While we tried to reduce the number of parts as described above, a typical, stacked-type 3D printing can cause warping of parts due to resin shrinkage, especially when they are molded too large. We often encountered this problem when molding Sight. As a solution, we dipped the molded parts in boiling water and fixed them to a board with rubber bands to correct the warping. As a practice, it is recommended to avoid molding parts that are too large, while considering the tradeoff between the size of parts and the number of parts.

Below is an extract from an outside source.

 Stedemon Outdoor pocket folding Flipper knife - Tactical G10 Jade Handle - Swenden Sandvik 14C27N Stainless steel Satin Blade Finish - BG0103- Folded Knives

(6) Considerations for obtaining visitors' personal information
As noted above, we collected responses to the questionnaire and monitored the exhibition room remotely through the images. In such a scenario, it would be necessary to take care when collecting personal information that may lead to the identification of visitors. In the exhibition, we did not collect any information that could identify the visitors, such as their names, sexes, ages, through the questionnaire. The images sent from the remote monitoring system were uploaded to a server accessible only to the members of the Sight project. In addition, we did not retain the images by overwriting the old images on the Raspberry Pi and the server each time a new image was acquired.
(1) Low sound volume
The circular shape, which was intended to be safe and robust, functioned as expected. To the best of our knowledge, there were no accidents related to falling or dropping Sight during the exhibition period. In addition, the hardware of Sight did not break down. On the other hand, the large diameter of Sight (i.e., 30 cm) caused the distance between the speakers and the ears, resulting in the low volume of the sounds to be heard. This problem was more pronounced when the head of the user was small or when ambient sounds were loud due to crowds or announcements in the museum. In these cases, the users placed their ears close to either the left or right speaker and gave up the sounds from the opposite speaker, and thus the stereophonic effect was not obtained. This observation suggests the importance of assuming the physicality of users and the various environments. In our case, we should have designed the inner diameter of the device to be smaller, or prepared devices with several different diameters.
(2) Maloperation by children
Although we activated a parental control function of the iPads to prevent unexpected operations (e.g., shutdown), there was a case in which the application shut down and could not be recovered because the iPads were somehow mishandled by children. In addition, there was a case in which a child entered the prohibited area while the guardian was not looking. We learned that systems that may be used by children should not only be safe, but should also take into account the possibility of unexpected use.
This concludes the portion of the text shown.